Les différentes centrales nucléaires en France (NB : le réacteur de l'Institut Laue-Langevin n'apparaît pas sur cette carte car il ne s'agit pas d'une centrale nucléaire). © Idé
Les différentes centrales nucléaires en France (NB : le réacteur de l'Institut Laue-Langevin n'apparaît pas sur cette carte car il ne s'agit pas d'une centrale nucléaire). © Idé

Pour parvenir à ces conclusions, les scénarios les plus graves ont été envisagés. Pires encore que les plus catastrophiques du référentiel habituel. « Par exemple pour le réacteur de l’Institut Laue-Langevin situé au confluent du Drac et de l’Isère, on a imaginé la rupture de 4 barrages en amont, ce qui aurait pour conséquence de faire monter l’eau de 5 mètres », explique Martial Jorel tout en insistant sur le fait que les scénarios envisagés sont extrêmement improbables.

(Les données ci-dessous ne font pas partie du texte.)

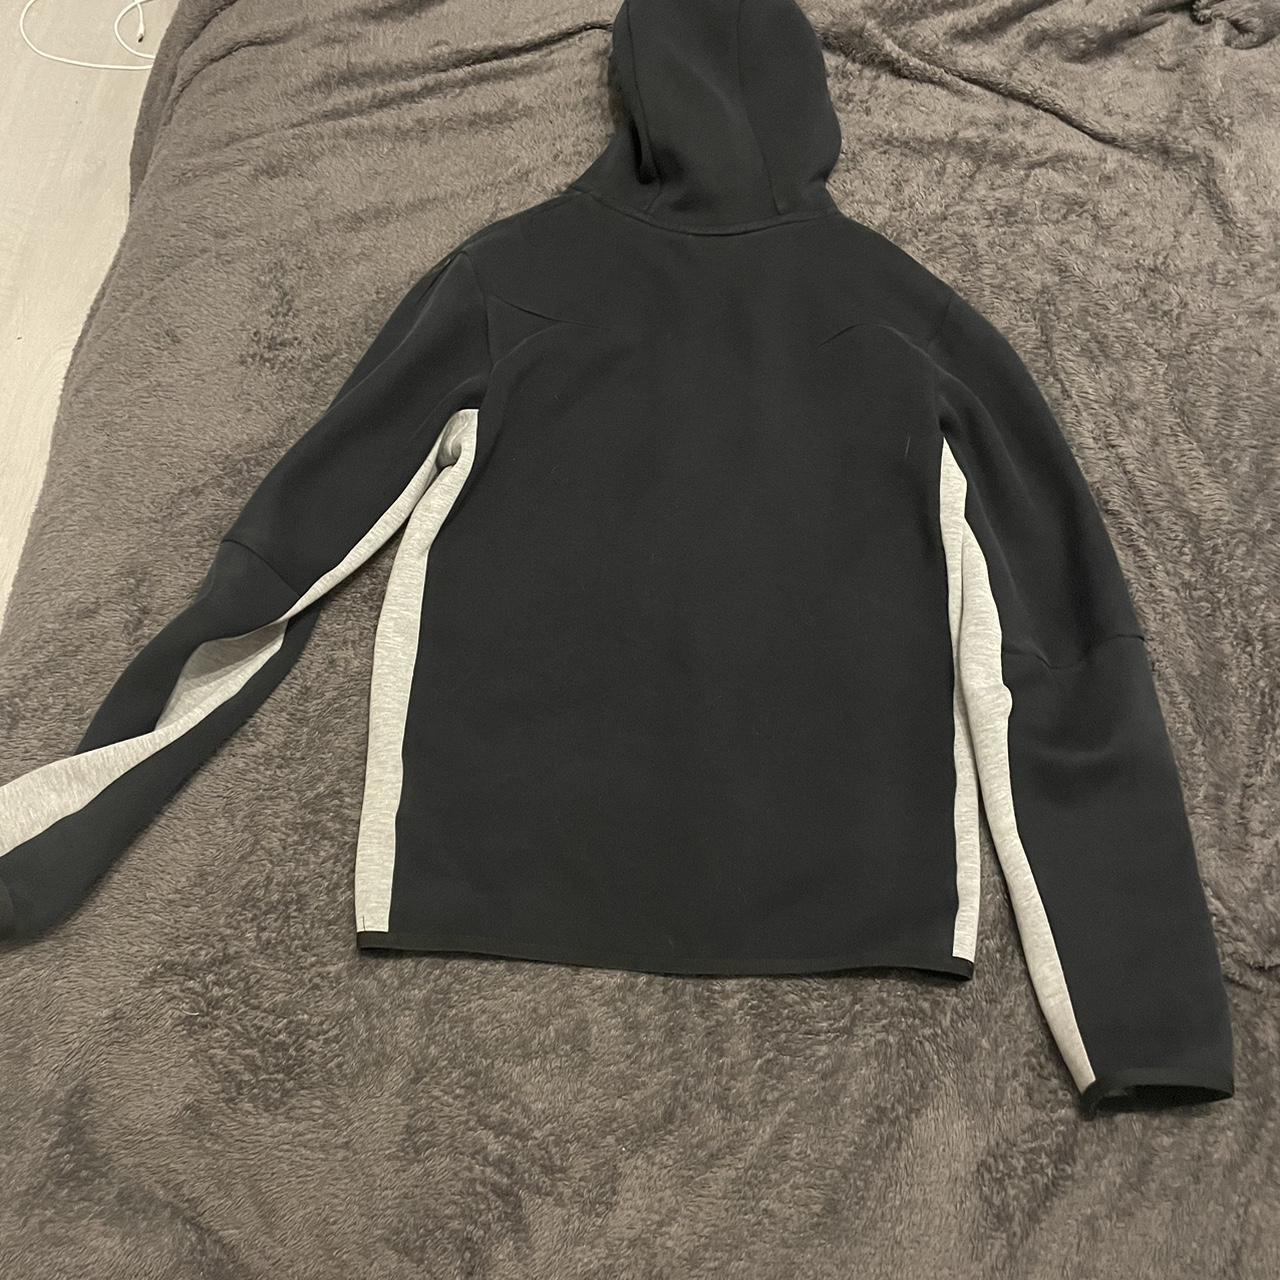 grey and black nike tech fleece zip up jumper - Depop

Inondations, séismes et noyau dur

Les experts ont ainsi testé des inondations record, mais ils se sont aussi intéressés aux séismes. À ce sujet, l’IRSN considère que l’appréciation de l’aléa sismique doit être améliorée. Plus d’importance doit être accordée à la diversité des avis des experts et la collecte des données doit être améliorée.

Si l’IRSN tenait à s’assurer que les équipements nucléaires résisteraient en cas de scénario catastrophe, il fallait aussi vérifier que le matériel permettant de limiter les dégâts – refroidissement notamment – reste opérationnel. C’est ce que l’IRSN appelle le noyau dur et qui « garantirait la pérennité des principales fonctions vitales des installations nucléaires durant plusieurs jours, le temps que des moyens externes au site puissent intervenir ».

Le réacteur de l'Institut Laue-Langevin, à gauche du cyclotron, au confluent du Drac et de l'Isère. © Christian Hendrich, Wikipédia, cc by sa 3.0
Le réacteur de l'Institut Laue-Langevin, à gauche du cyclotron, au confluent du Drac et de l'Isère. © Christian Hendrich, Wikipédia, cc by sa 3.0

Les antinucléaires contestent

Enfin, l’environnement des centrales a été passé au crible : « on a également pris en compte les installations industrielles à côté des centrales nucléaires, comme c’est le cas pour la centrale de Graveline ou celle de Tricastin », détaille Martial Jorel. La dégradation de ces installations suite à une inondation ou un séisme ne doit pas avoir d’impact sur les centrales.

Si du côté des acteurs du nucléaire, ce rapport est relativement élogieux, il est vivement critiqué par les écologistes qui accusent l’IRSN de « coupable indulgence ». Ainsi, l’ONG l’Observatoire du nucléaire s’indigne que « l'IRSN […] se prononce pour la continuation de l'exploitation de tous les réacteurs nucléaires français... tout en reconnaissant que leur sûreté est gravement défaillante ».

L’ASN (Autorité de sûreté nucléaire), à qui le rapport a été remis, devra donner ses conclusions au gouvernement début 2012.